The second comes from federal judges. They have become keenly aware of the deficiencies in search technology and are increasingly impatient with lawyers who complain about the limitations without offering solutions.

“For lawyers and judges to dare opine that a certain search term or terms would be more likely to produce information than the terms that were used is truly to go where angels fear to tread,” wrote Magistrate Judge John Facciola of the U.S. District Court in Washington, D.C., in U.S. v. O’Keefe.

In Victory Stanley Inc. v. Creative Pipe (PDF), Judge Paul Grimm at the U.S. District Court in Maryland wrote that experts are likely to be necessary in complex e-discovery cases, which immediately drives up cost and complexity. However, he also cited the Sedona Conference’s “Best Practices Commentary on the Use of Search and Information Retrieval Methods in E-Discovery” and its eight practice pointers on successful keyword searching.

But federal rulings, even with amended federal procedure rules, can’t do the whole job. “The Federal Rules of Civil Procedure carried with them an unspoken optimism that technology will get cheaper and better, and offset the huge costs and complexity involved in e-discovery,” says Paul. “I think now there’s a growing sense of ‘Uh-oh, where are the efficiencies we thought we’d see?’ ”

Lawyers tend to leave search technology to consultants or technologists, but as judges become increasingly aware of the deficiencies of search, lawyers will need to know what their tech guys are up to.

As for the lawyers currently conducting e-discovery, they are finding themselves in an untenable position. “If we use some fancy search technology that we can’t explain, we’re put in harm’s way in front of the judge,” says Speros. “And if we use dumb and naive keyword searches, we’re in harm’s way. For lawyers like me, we just want to know one simple thing: What will work for me and my client?”

TREC researchers warn that their work has not yet found that ultimate search method, but they have created a viable test environment. The TREC Legal Track is to the point where it may soon offer lawyers a common language and defined processes for search that can account for the inherent deficiencies of the technology.
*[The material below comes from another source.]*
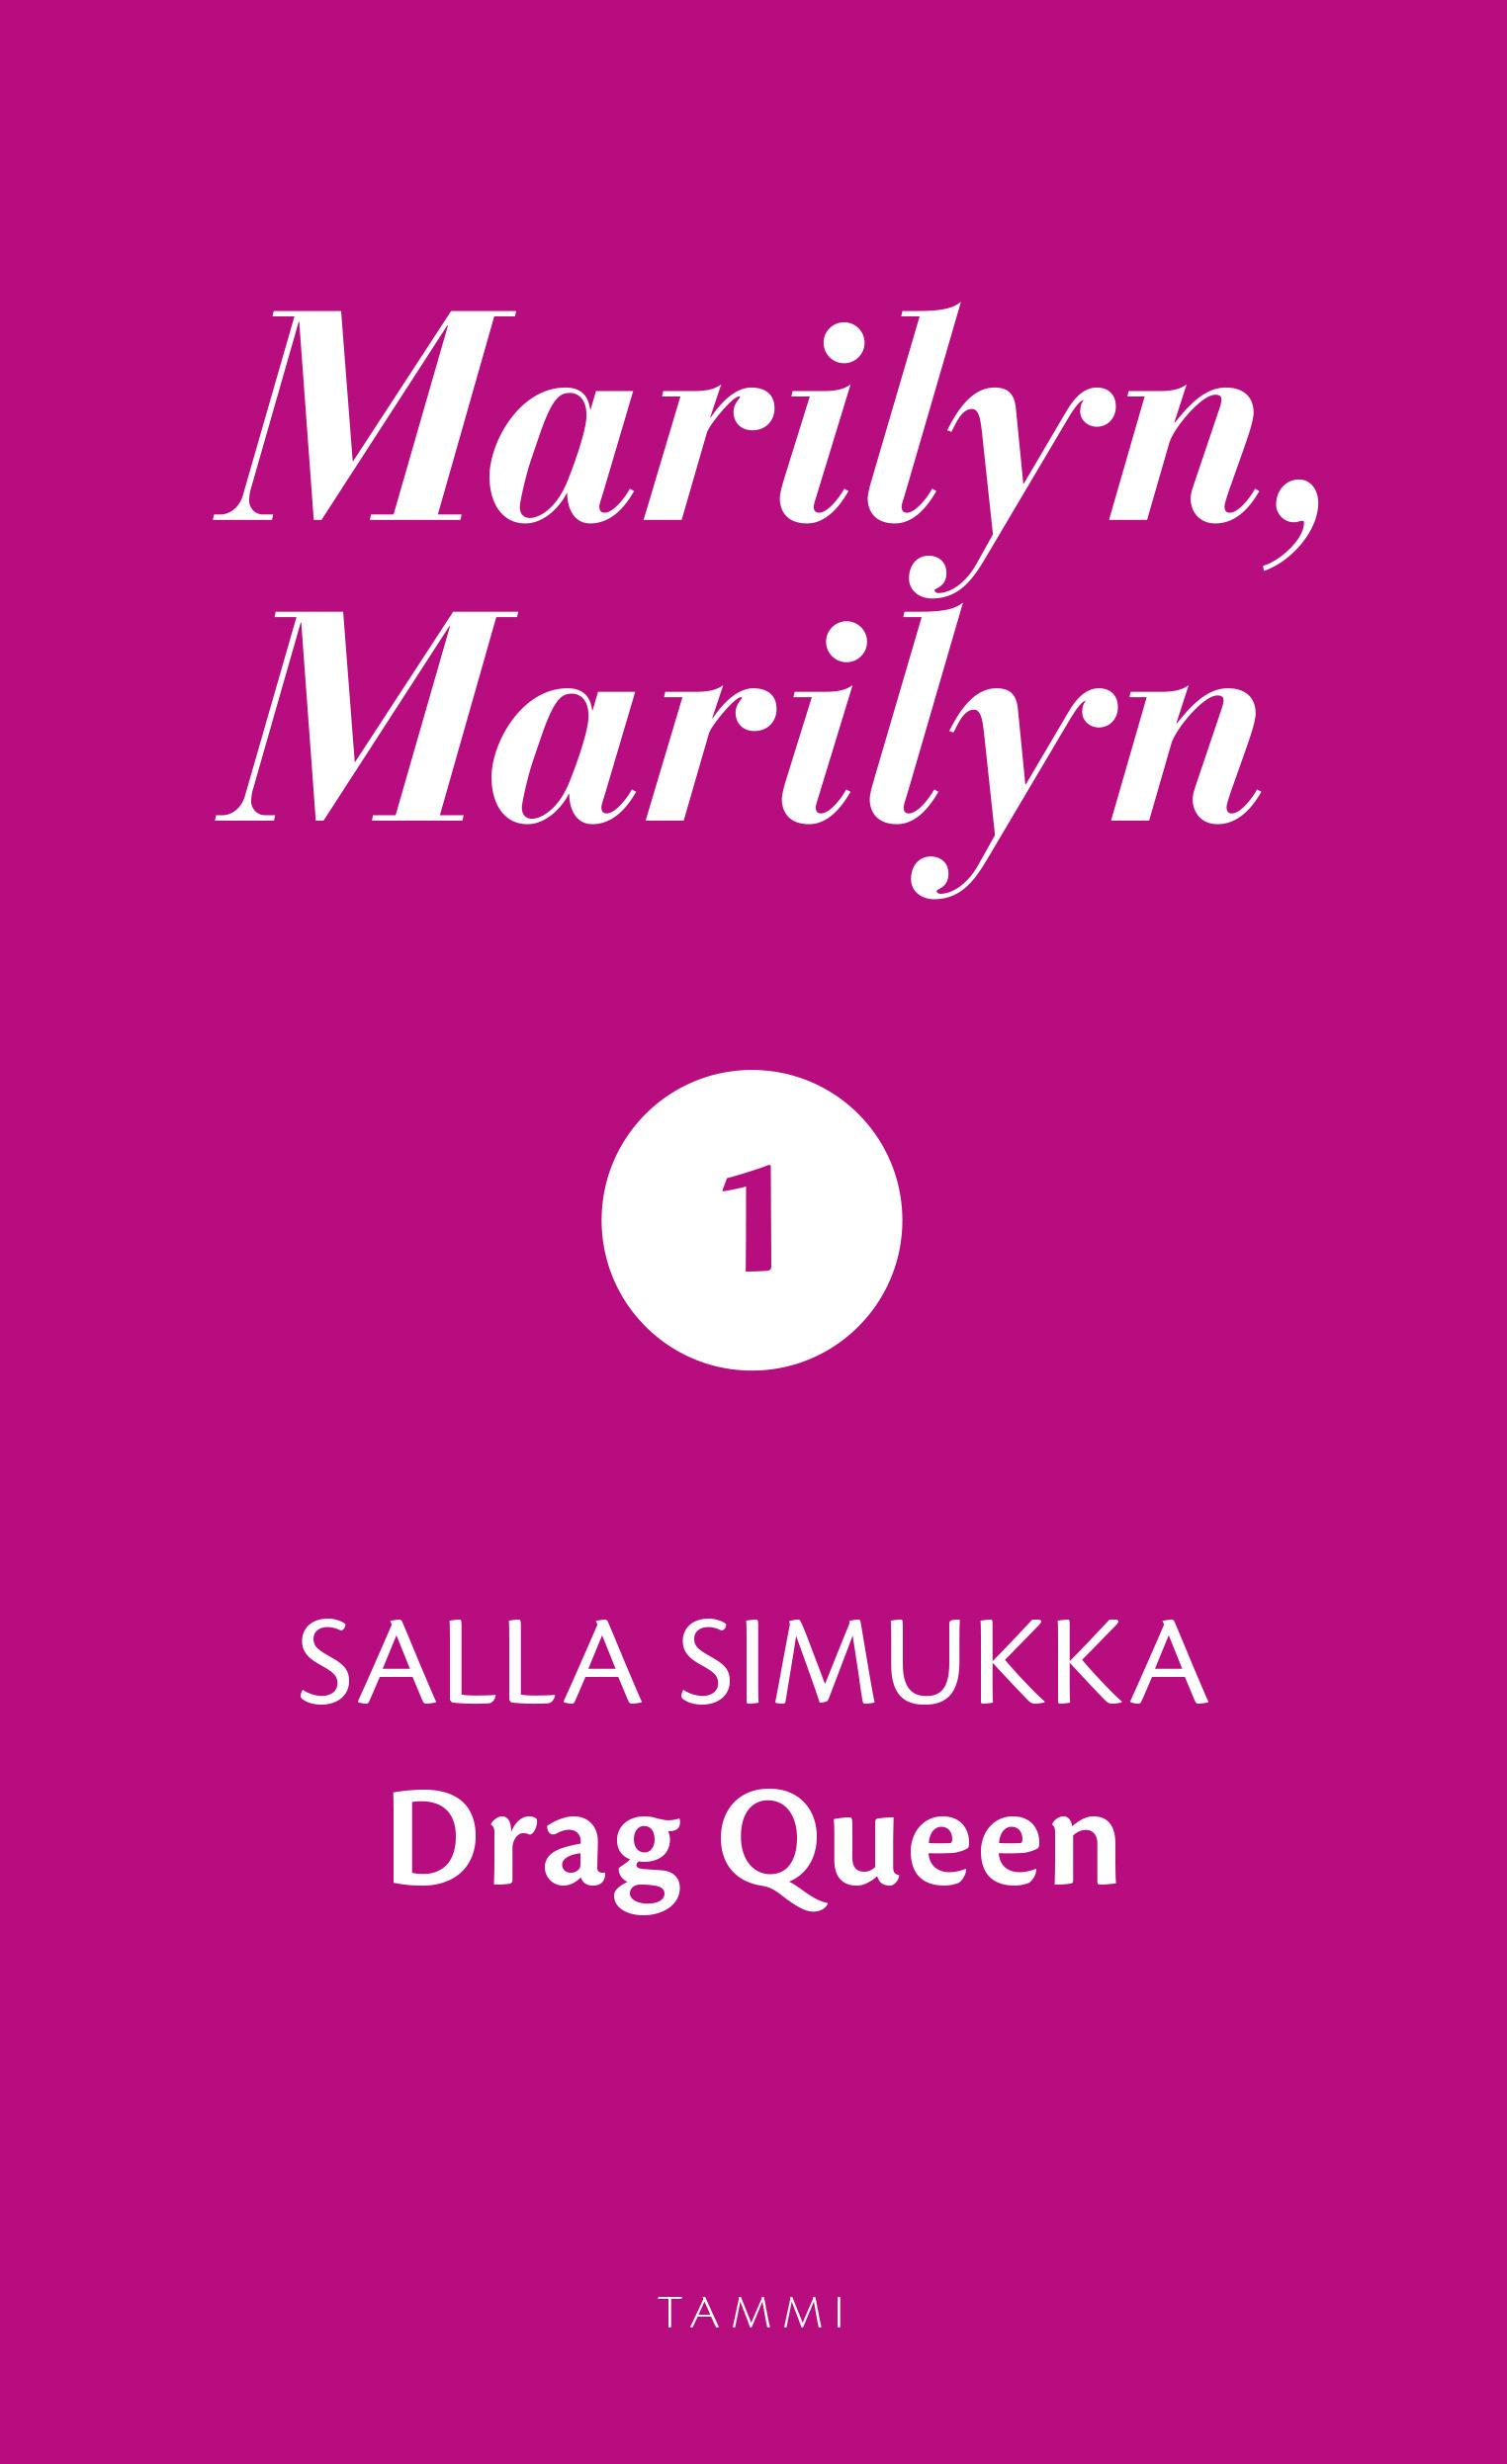 Simukka, Salla - Marilyn, Marilyn 1: Drag Queen, e-kirja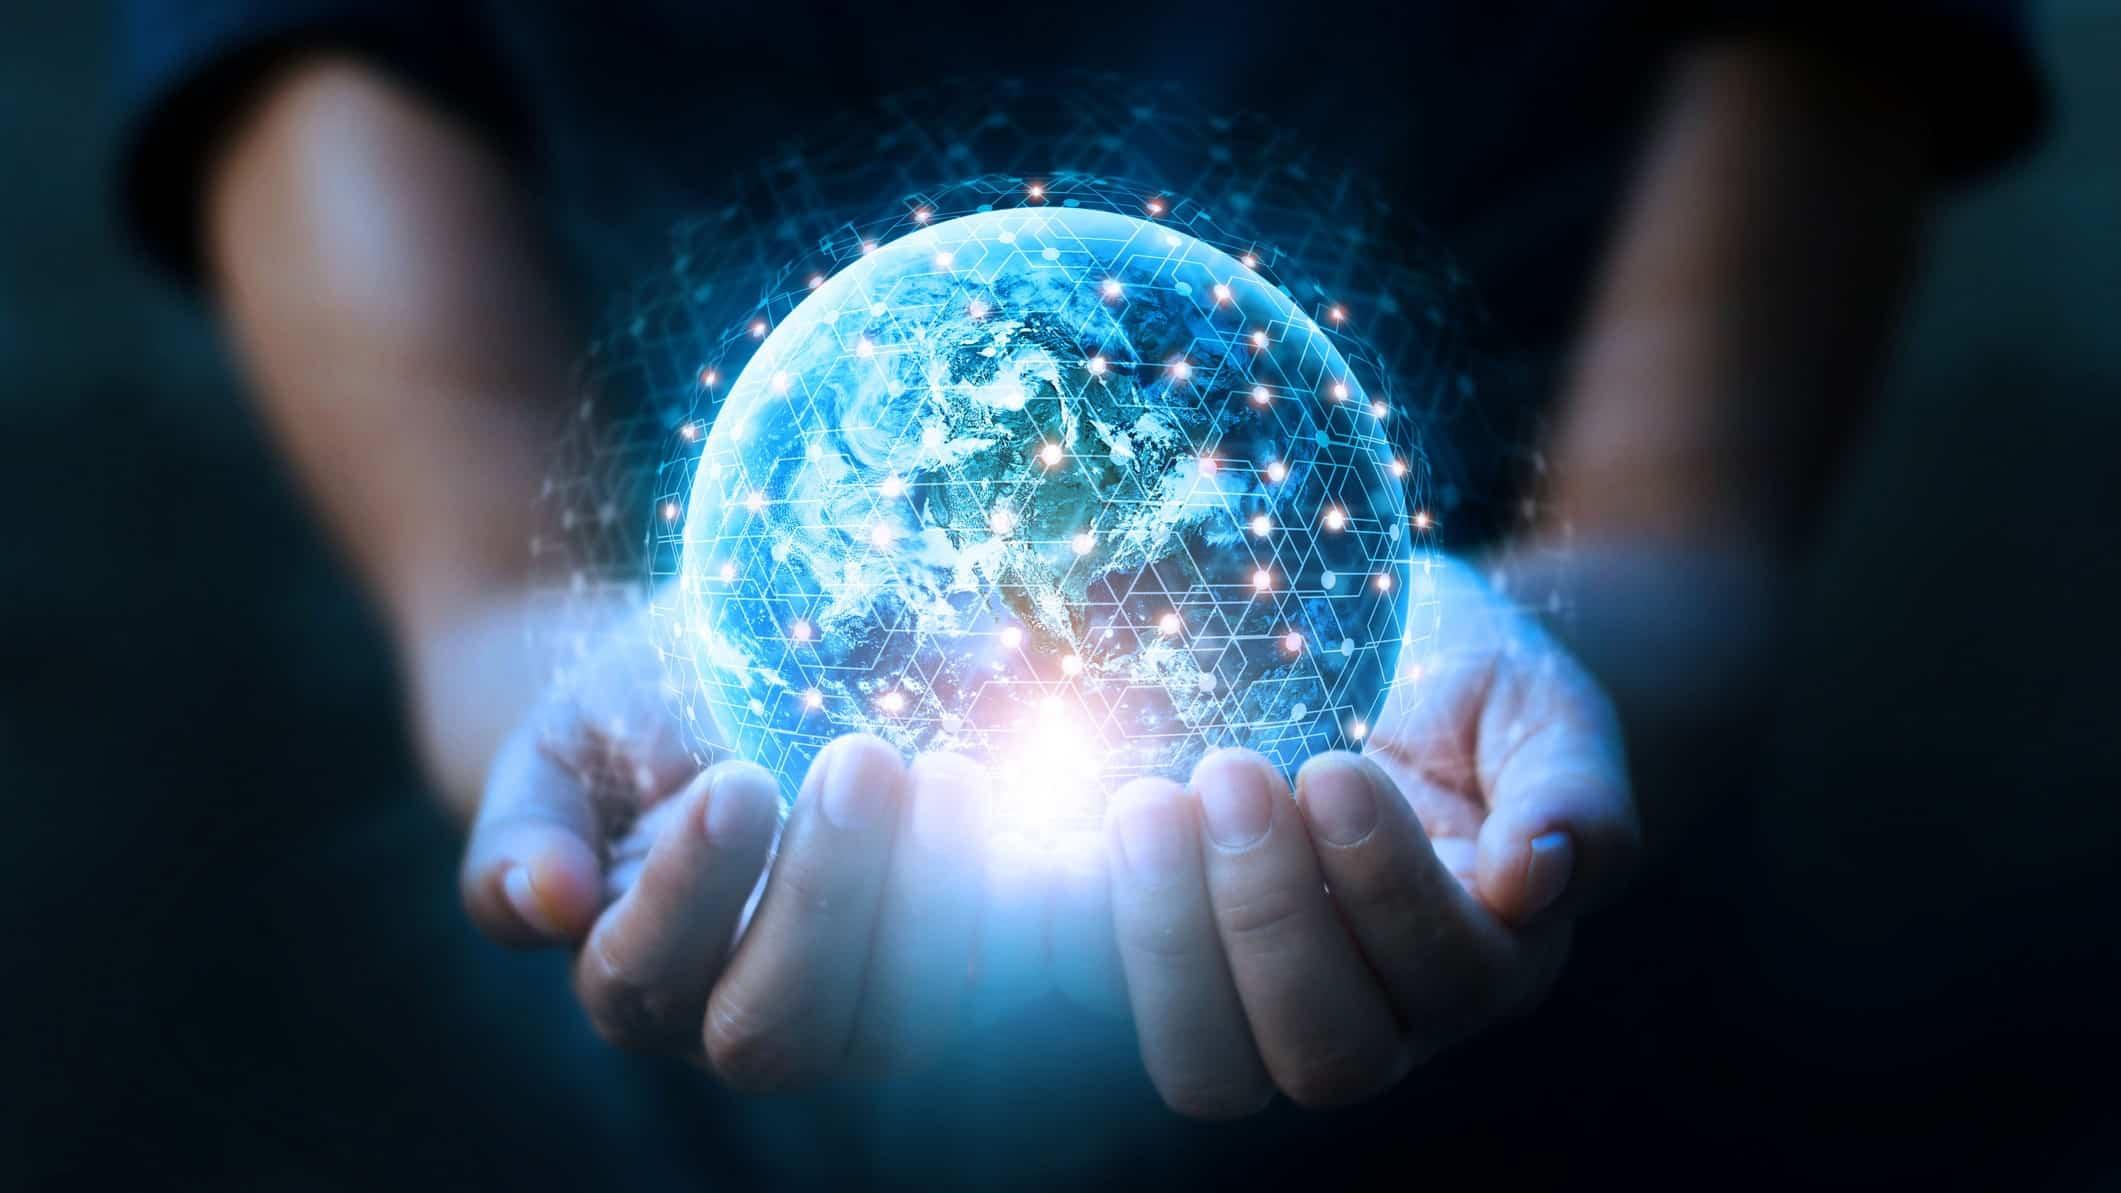 Global technology shares

“What I hope to get out of this is some common language about search,” Jessen says, with a caveat. “Of course, if judges don’t buy into what we’re doing, this is not going anywhere.”

Sidebar

Search Models and Methods

Besides Boolean, TREC Legal Track is using several search technologies, including fuzzy search models, probabilistic (or Bayesian) models, statistical methods (also called clustering), machine-learning approaches, categorization tools and social network analysis. These search technologies fall into several classes:

• Boolean, the most familiar model, uses keywords to pull results by using connecting words like and or or to find specific combinations. In more complex litigation, more sophisticated Boolean strings are often used with a fuzzy search technique, designed to account for spelling mistakes and word variations.

• Fuzzy search models attempt to refine a search beyond specific words, recognizing that words can have multiple forms, so that even if search terms don’t use the exact words in a relevant document, the document might still be found.

• Algebraic search is based on the premise that mathematical models can figure out the meaning of a document and then retrieve relevant documents by looking at the proximity of related words.

• Probabilistic search uses language models, including Bayesian belief networks, which make inferences about the relevance of documents based on computer learning about how concepts are communicated in a collection.

• Alternative search methods, usually grouped under the rubric of concept searching, often involve complex mathematical and linguistic models, but usually take human training to “teach” the computers to recognize terms and concepts.

• Clustering searches group terms found in similar contexts to figure out which words are used in connection with a search topic.

• Concept and categorization tool search systems rely on a thesaurus to capture documents that use different words to express the same thought.

Jason Krause is a freelance journalist in Madison, Wis., who contributes regularly to the ABA Journal.